What is meant as a "slur on the Egyptian people"? Who does Dr Hetherington count in that group, and more to the point who does he exclude? It probably was not aliens from Alpha Centuri taking advantage of the riots to come back to earth, teleport themselves into the Museum to get their clobber back that had been left aeons ago when they helped build the pyramids. Neither do I think it very likely that these were Argentinian or Mexican agents in the employment of Mubarak's Interior Ministry. Surely the dastardly deed(s) was/were done by Egyptian nationals, who may or may not have (supposed to have) been working for somebody in the Mubarak regime. Are they therefore not counted as "the Egyptian people"? Whoever they were were they not the product of the same socio-political and cultural development of the past few decades of Egyptian history as the people outside in the Square?
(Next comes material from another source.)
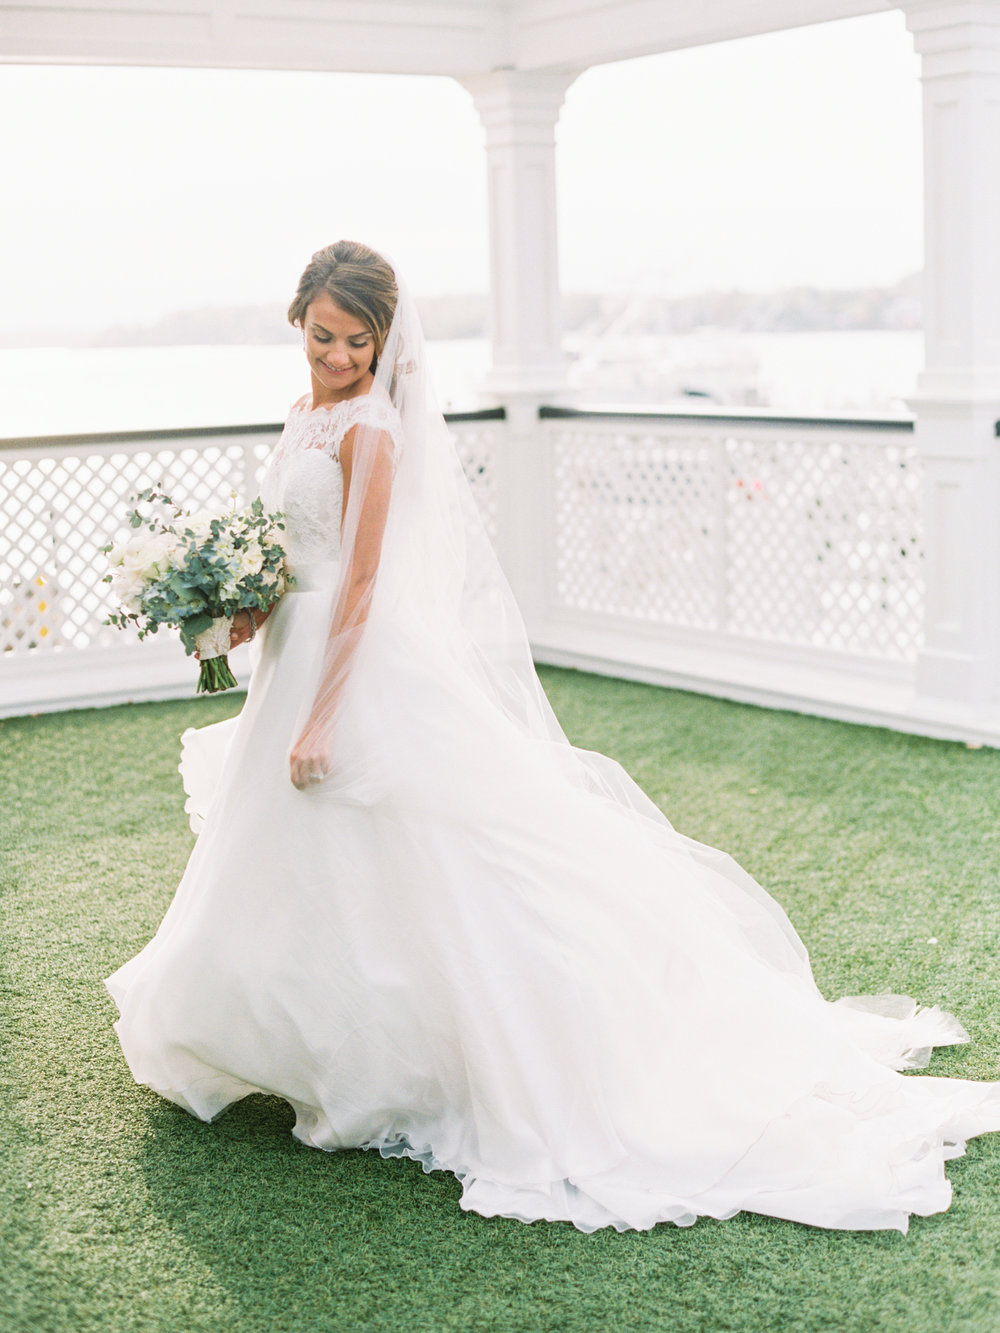 brianne&david_5.12.18_wedding-400.JPG

I think it is very dangerous thinking to treat political alignment as some kind of ethnic divider. I saw the same thing in Poland in 1989 when we had our revolution, the tendency to blame everything on "the Communists", rather than take a step back and identify broader national characteristics which were responsible for the (many) faults in a society trying to reconstruct itself after political collapse. Poland did it, but Poland had a huge head start in many ways on the Egyptians. This is why it is important that the latter should not be allowed to fall into the traps of schematic thinking about society and the way it is heading. I'd say archaeology (that which is more anthropological-orientated rather than the object typology-art/culture-history brand) has a place in exploring cultural variety and identity and the way we look at them, so it would be nice to see archaeologists working in Egypt having a slightly more nuanced approach to these issues. Also, in passing, I personally would not be so sure that it is not premature speaking of "the old regime"...
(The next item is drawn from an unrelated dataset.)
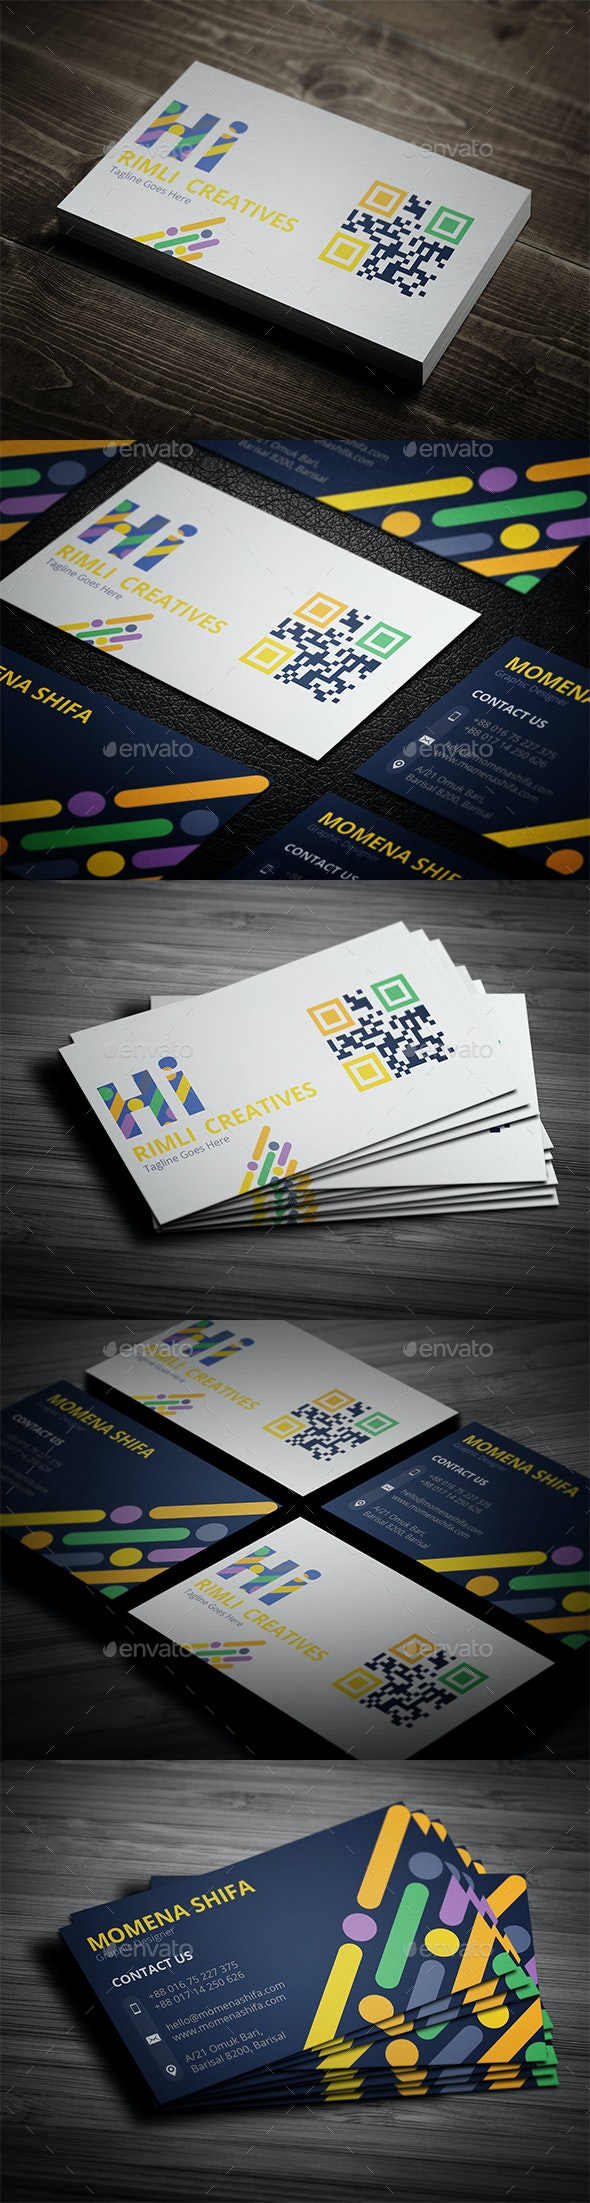 Elegant Business Card Design - Creative Business Cards

As for the "Egyptian people stopped any further damage by these agents", we are on to that story about the "human chain". If the agents were inside the Museum, and "the Egyptian people" outside, how according to Dr Hetherington did they stop the damage in the Museum? What actually did happen that night? Will we ever break through the fog of myth and misdirection? When will the Egyptian Museum staff find its voice?